Ski-Masked Vandal Smashes Barnstable Flock Camera with 2×4 in Cotuit




COTUIT, MASSACHUSETTS – A ski-masked figure armed with a two-by-four launched a late-night attack on one of the Town of Barnstable’s Flock surveillance cameras along Route 28 near the Santuit-Newtown Road intersection, damaging the solar-powered unit and prompting a police manhunt that came up empty.
Barnstable Police responded shortly before midnight Monday, June 15, 2026, after a passerby spotted the assault on the automated license plate reader (ALPR) camera mounted high on a pole overlooking Route 28 traffic. Officers found the camera and its solar panel damaged. The suspect had already fled.
The damaged camera is one of four Flock Safety units currently operated by Barnstable Police under contract with the Atlanta-based company. According to a March 18, 2026 report in the Provincetown Independent, three of the cameras are mounted on free-standing black poles equipped with solar panels — including the one on Route 28 in front of Lujean Printing Company near the Mashpee border (in the Cotuit/Santuit area), which was the camera vandalized Monday night. The fourth camera is mounted overhead from a light pole on Main Street in downtown Hyannis.
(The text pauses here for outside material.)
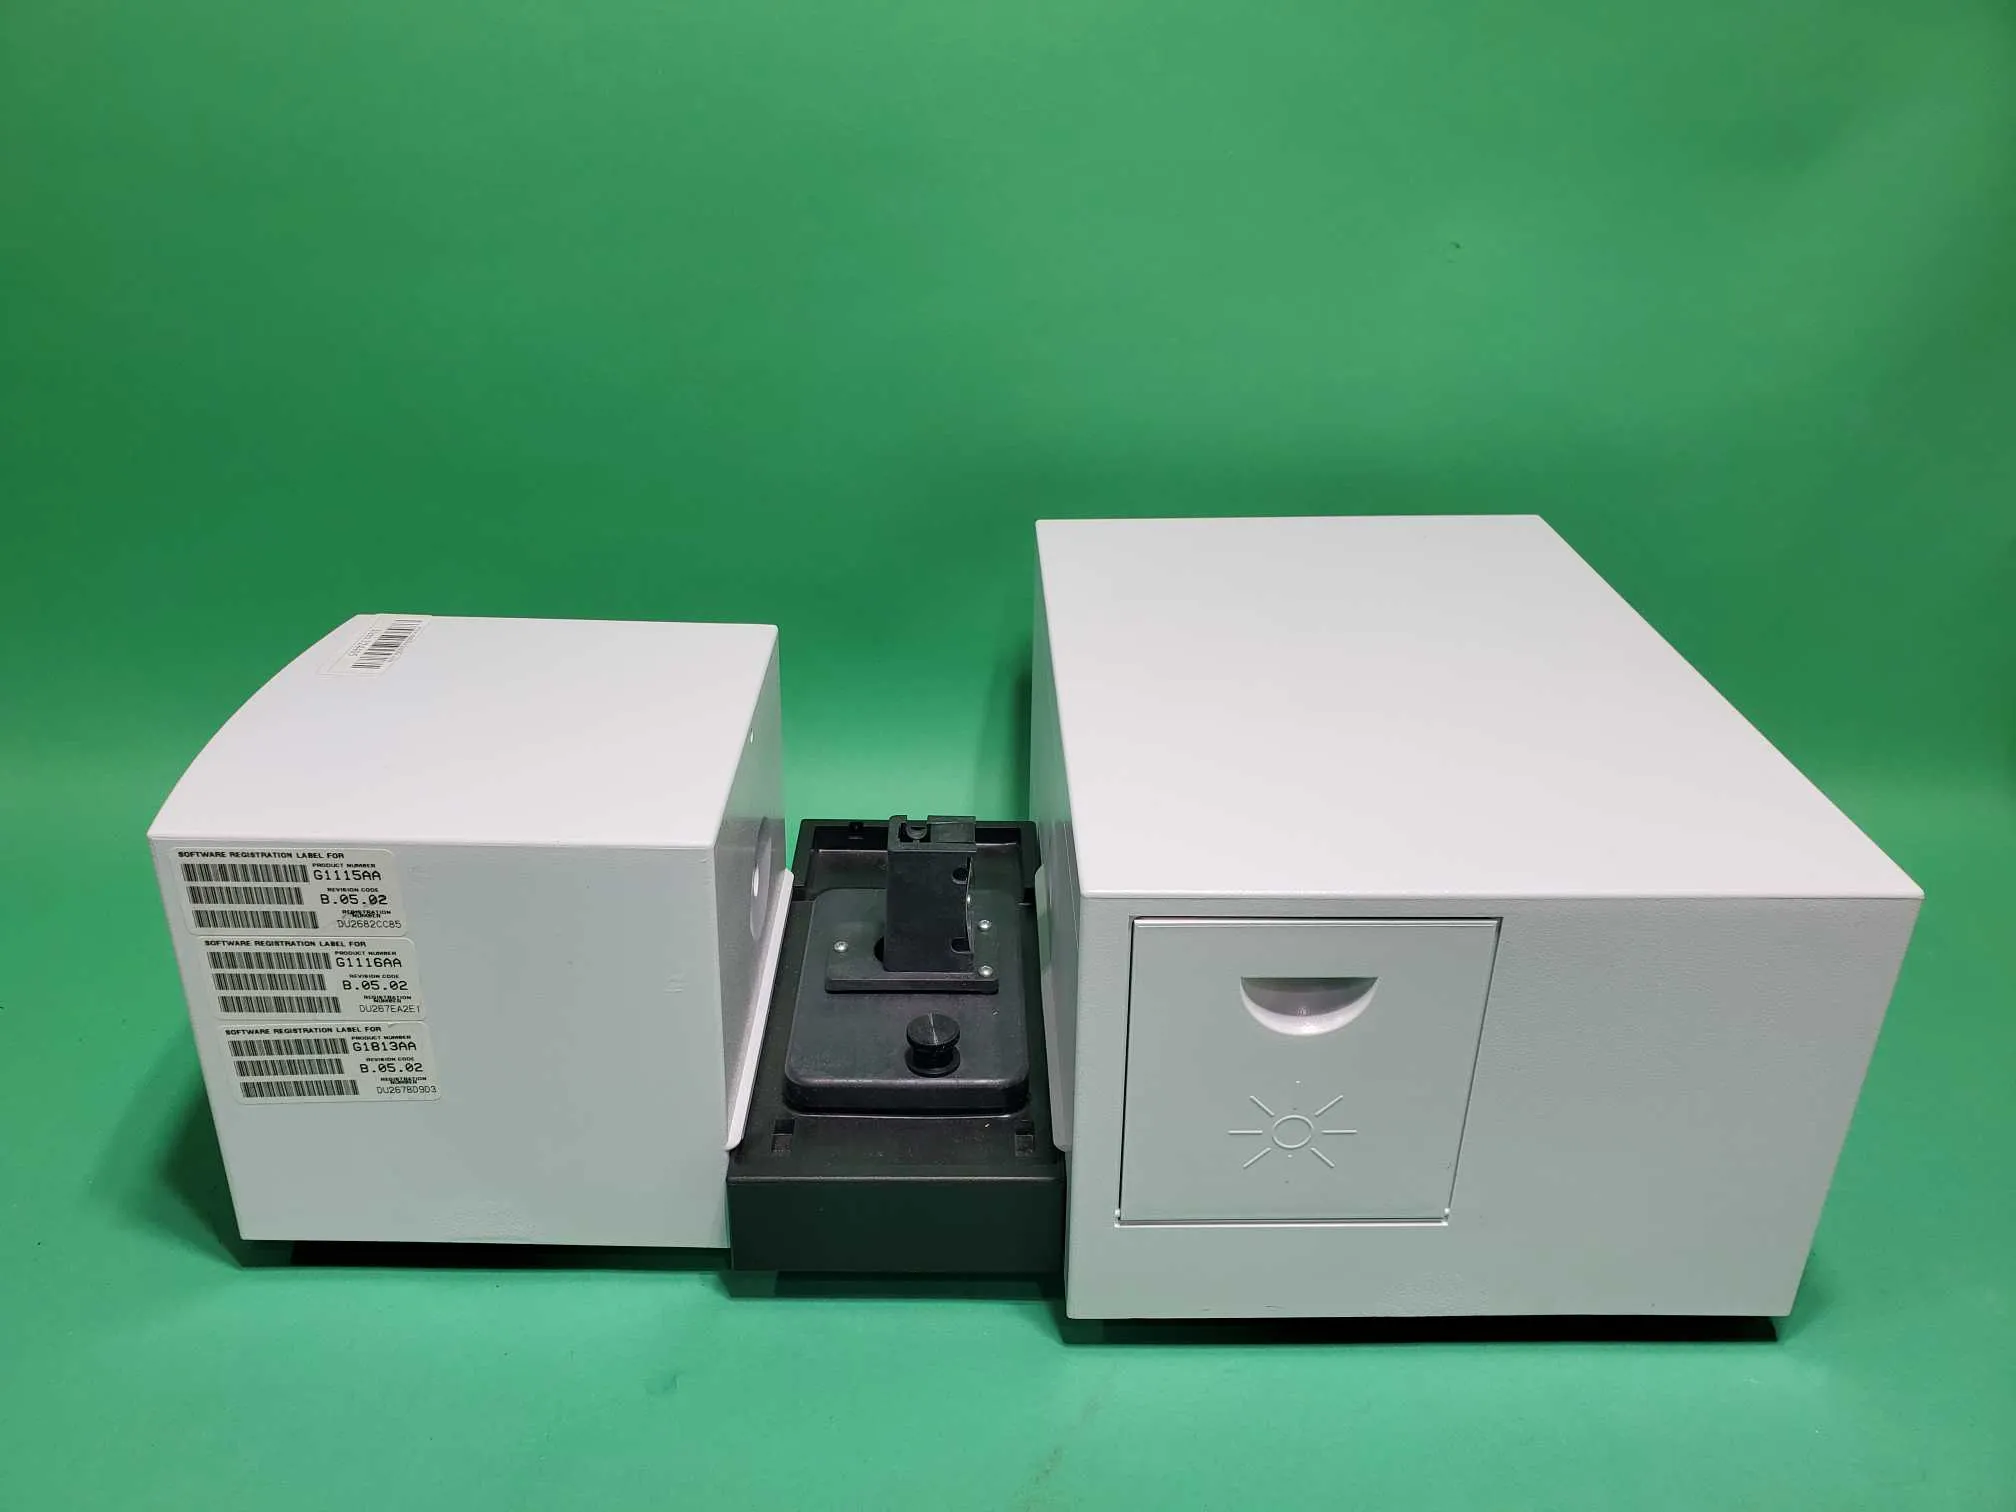 Agilent Technologies Cary 8454 UV-Vis Spectrophotometer

One additional known location is near the intersection of Main Street and Barnstable Road in Hyannis.
Flock Safety cameras are automated license plate readers (ALPRs) that capture still images of every passing vehicle. They record license plate numbers (including temporary and out-of-state tags), vehicle color, make and model, plus distinctive details such as roof racks, bumper stickers or visible damage — all timestamped with exact location data. The information feeds into a searchable cloud database that Barnstable police and other agencies can query to help solve crimes.
The technology has drawn sharp criticism from privacy advocates. The ACLU of Massachusetts has warned that Flock’s interconnected network enables “indiscriminate surveillance” by creating detailed, warrantless travel profiles of ordinary drivers and sharing that data across a nationwide system used by thousands of law enforcement agencies. The group’s “Get The FLOCK Out” campaign calls for stronger state regulations, noting that at least 80 Massachusetts departments now use Flock systems.
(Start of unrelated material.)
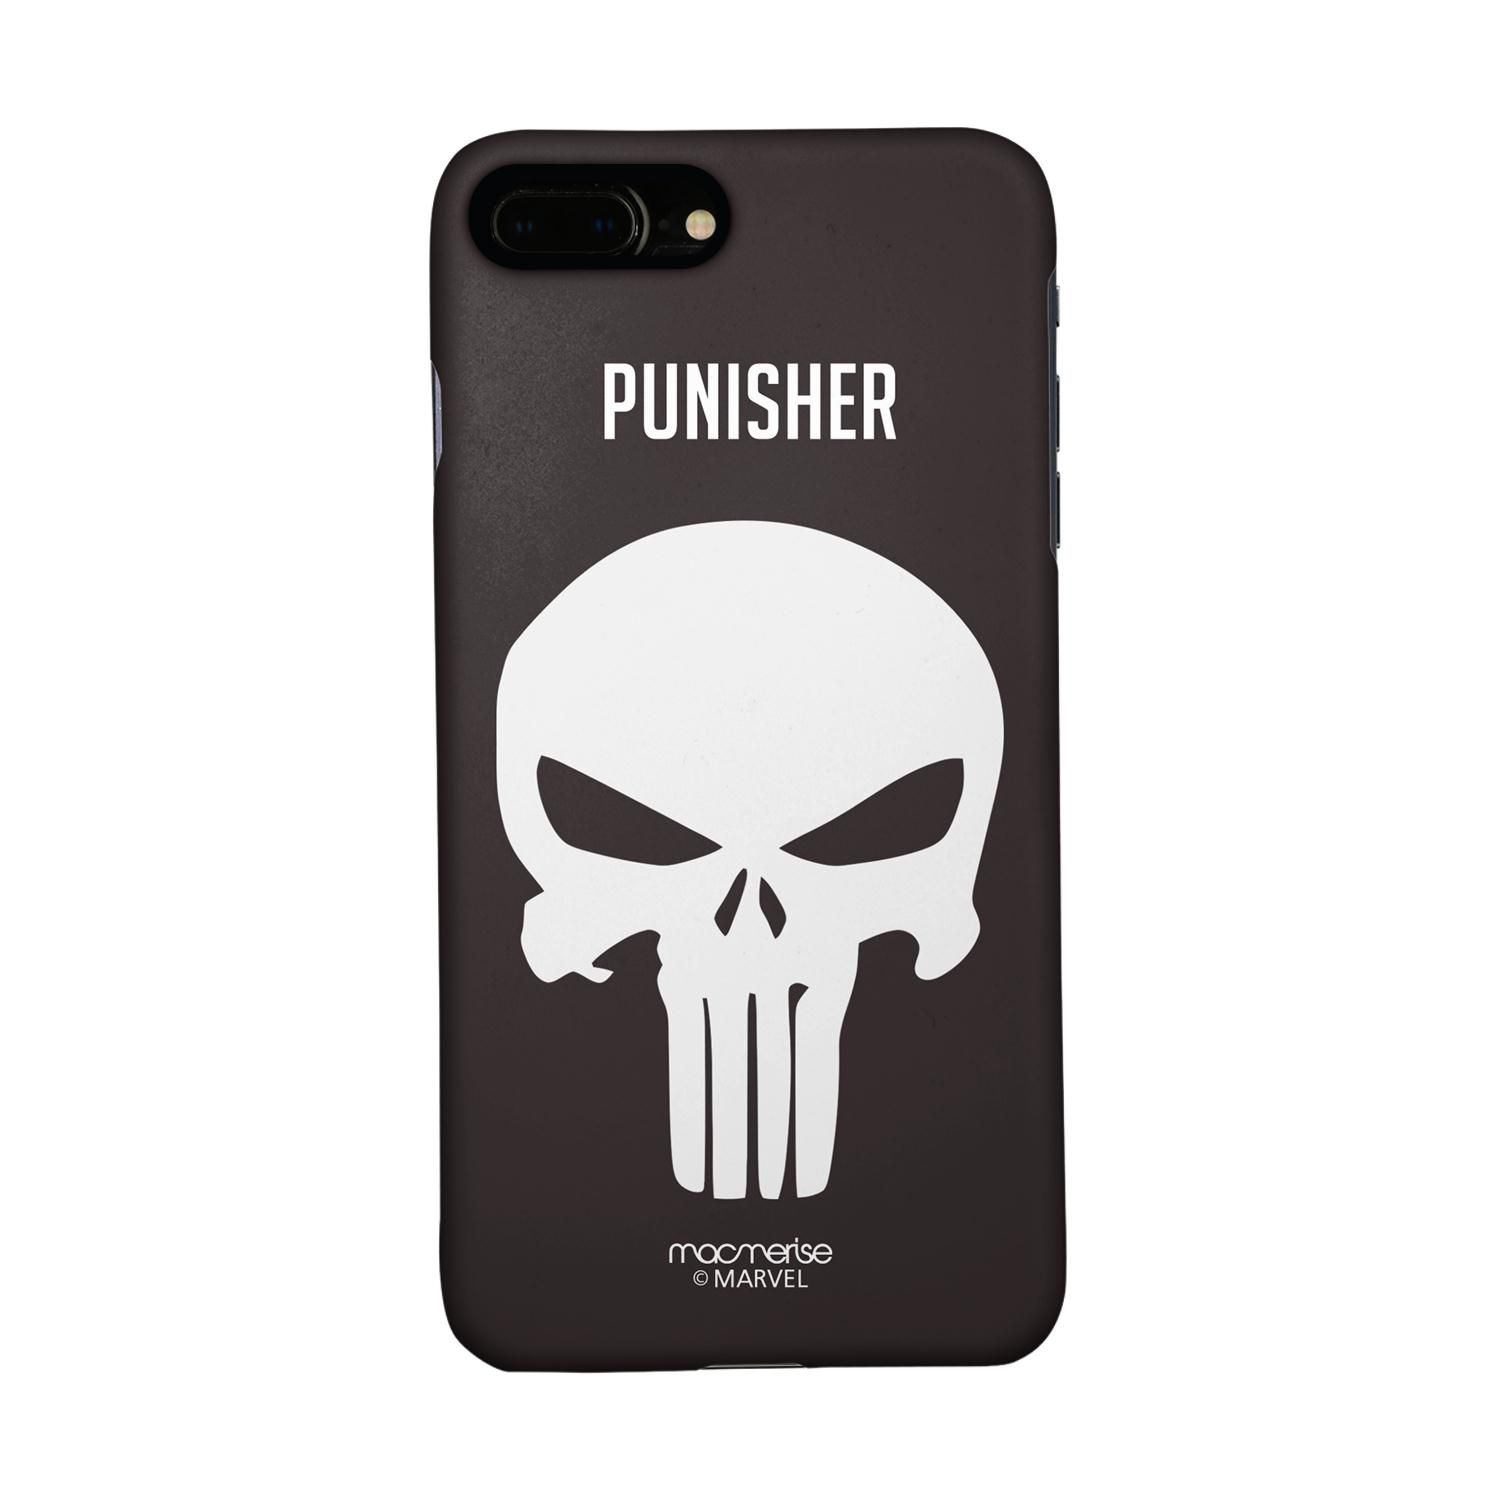 Buy Punisher Symbol - Sleek Phone Case for iPhone 7 Plus Online

Local police departments — including agencies across the entire state — counter that the cameras are a vital modern tool for quickly identifying suspects in fast-moving crimes, recovering stolen vehicles and removing dangerous drivers from Cape Cod roads, according to recent online news reports.
In a striking irony, while the targeted camera successfully logged routine traffic data from Route 28, it captured no clear immediate images of the masked attacker who struck it. According to police radio transmissions, officers only had a basic description of the suspect — including clothing — provided by the passerby who witnessed the attack.
A Barnstable Police K9 unit arrived and tracked the suspect north across Route 28 behind a house under construction. Officers discovered a pile of two-by-four lumber in the backyard but found no sign of the vandal. A member of the Barnstable County Sheriff’s Office Bureau of Criminal Investigations responded to document the damaged camera and collect potential evidence from the scene.
The investigation remains active. Barnstable Police are asking anyone with information about the incident to contact the department. Based on the cost of the damage, the suspect could face felony vandalism charges if apprehended.